# A Pile of Crappie & some crapp for Shadslinger



## olsteve (Jul 20, 2008)

Well the cpappie fishing is still good here in Georgia, but with the hot weather they are getting kind of skinny. The biggest ones have only been a little over 2 pounds. We caught 200 in 3 days. It was fun, and the smaller fish really do taste better. It seems like a good time to start back fishing for catfish. 
Shadslinger, I'm sure that you know catfish will eat catfish, especially if you clip the fins off. 
I have seen some of the pictures of the fish you have been catching and wanted to see if I could buy some of them to use for bait. They make some tablets that will provide oxygen for 72 hours if the fish [bait] are shipped in cold water. I would really like to have some of your fish because they look like they would make some very fine bait.
I hope you don't get offended or I may have to sic my dog on you. (pic enclosed) lol


----------



## Sunbeam (Feb 24, 2009)

That's a nice mess of table fish Steve. 
They must not have a size limit in Georgia. Referring to the dog not the fish. Thats the smallest Doberman I have ever seen. LOL<G>


----------



## obiewan57 (Sep 14, 2005)

Nice trip, nice crappie, looks like ya had some fun


----------



## olsteve (Jul 20, 2008)

We did have a blast...My buddy drove so I "imbibed' a little. Lake Oconee has really been paying off this year, especially considering how hot it has been and also how late in the year it is. The crappie are still pretty thick. 
I'm thinkiing about going back this week. Gotta get 'em when you can.
I guess Shadslinger didn't see the humor in my first post. Oh well.


----------



## great white fisherman (Jun 24, 2008)

I,ll take all those 2lb crappie you say do not taste as good as the smaller ones. What are you crazy?


----------



## olsteve (Jul 20, 2008)

Thanks for the comment on the dog Sunbeam. My wife rescued him from the shelter for $25. As it turned out, he had Parvo which cost another $700 to fix. He is doing well though. She named him "cocoa", but a more accurate name would have been Mayhem, Demon, Terror, or something along that line. He's getting pretty big- 5 pounds now LOL. The mother is a Chiauhauh, the father unknown. He is "Hell on Wheels" tho. We are really enjoying him.


----------



## shadslinger (Aug 21, 2005)

LOL! Dude I was gone to Canada first to see my daughter then Mexico with my girlfriend, so I m did miss it until now. Funny to me!
Those are fine crappie, except maybe a couple of em?? do they let you keep 5" crappie there?
BTW, I have never had a dog survive Parvo, so it must be a good pup!
LOL!


----------



## DMC (Apr 2, 2006)

No wonder you caught those crappie, they were drunk!


----------



## obiewan57 (Sep 14, 2005)

SS, I heard that Georgia and Arkansas law says, "If they are as big as a butterbean, they are big enuff to eat"


----------



## shadslinger (Aug 21, 2005)

obiewan57 said:


> SS, I heard that Georgia and Arkansas law says, "If they are as big as a butterbean, they are big enuff to eat"

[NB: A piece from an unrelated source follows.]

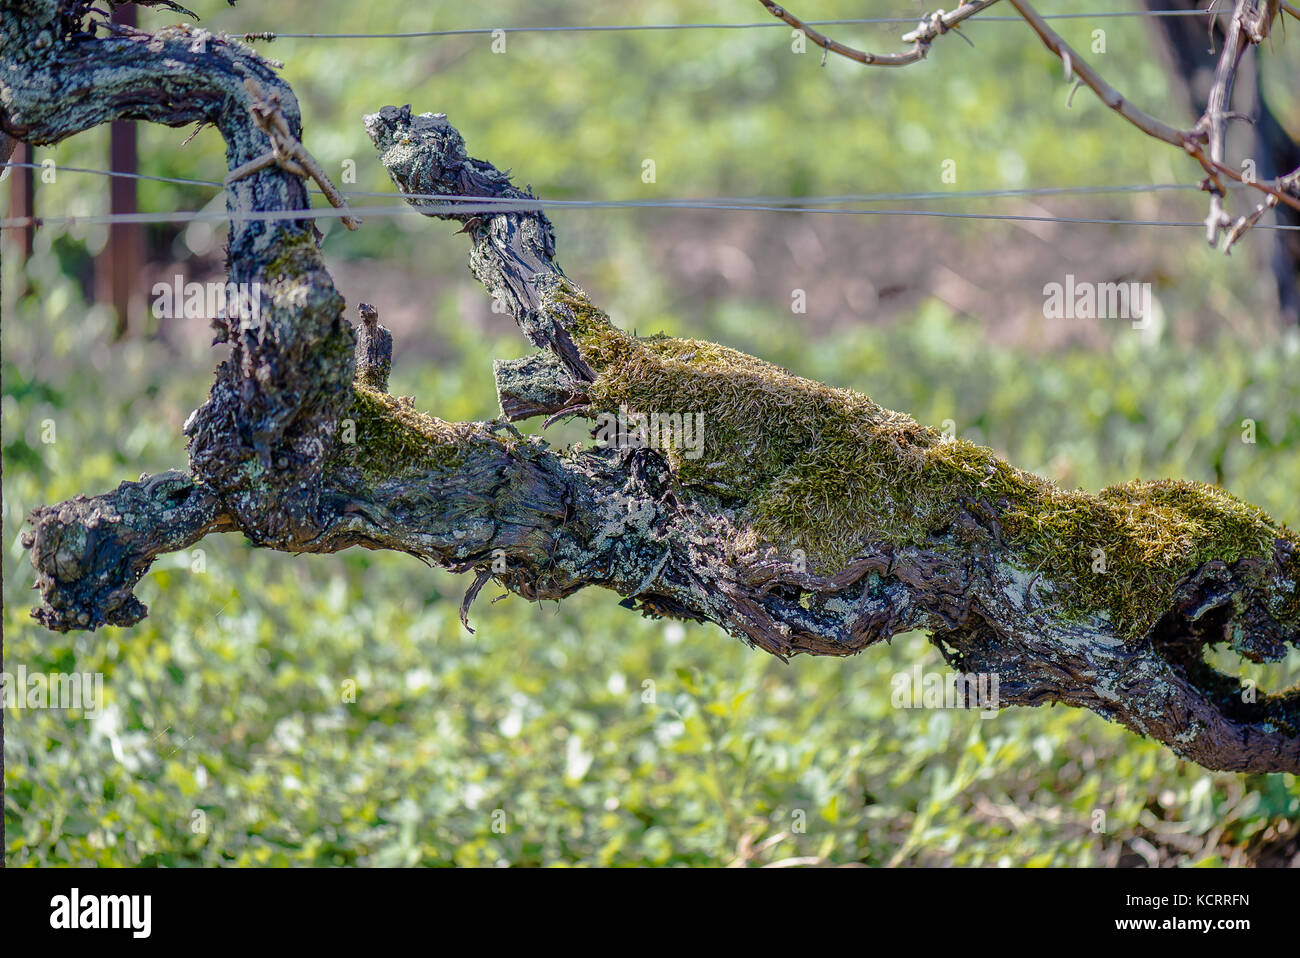 oldest vines worldwide (1618), Weingut Oberhofer, Rhodt unter Rietburg, Palatinate, Germany Stock Photo

And those little ones are good eating too!


----------



## dbullard (Feb 13, 2008)

The beer can is for measuring keepers ? LOL


----------



## olsteve (Jul 20, 2008)

*Sunbeam & SS Do you remember this pup ?*

This doesn't have anything to do with fishing, but it is something all men should keep in their thoughts. Check out the pic of the puppy.
My lovley wife, [using her infinate wisdom], decided to get the puppy neutered... His "plums" shriveled up to dried out raisins.
When we go to bed now, I make it a point to sleep with my back to her and drink a cup of coffee before going to bed.
They say it is good for the dog. It makes them less territorial and less likely to stray. 
I sometimes sleep in one of the spare bedrooms in case she decides to see if if will work on me too.
LOL


----------



## shadslinger (Aug 21, 2005)

olsteve, I would not stray from home if I were you for fear of the consequences!


----------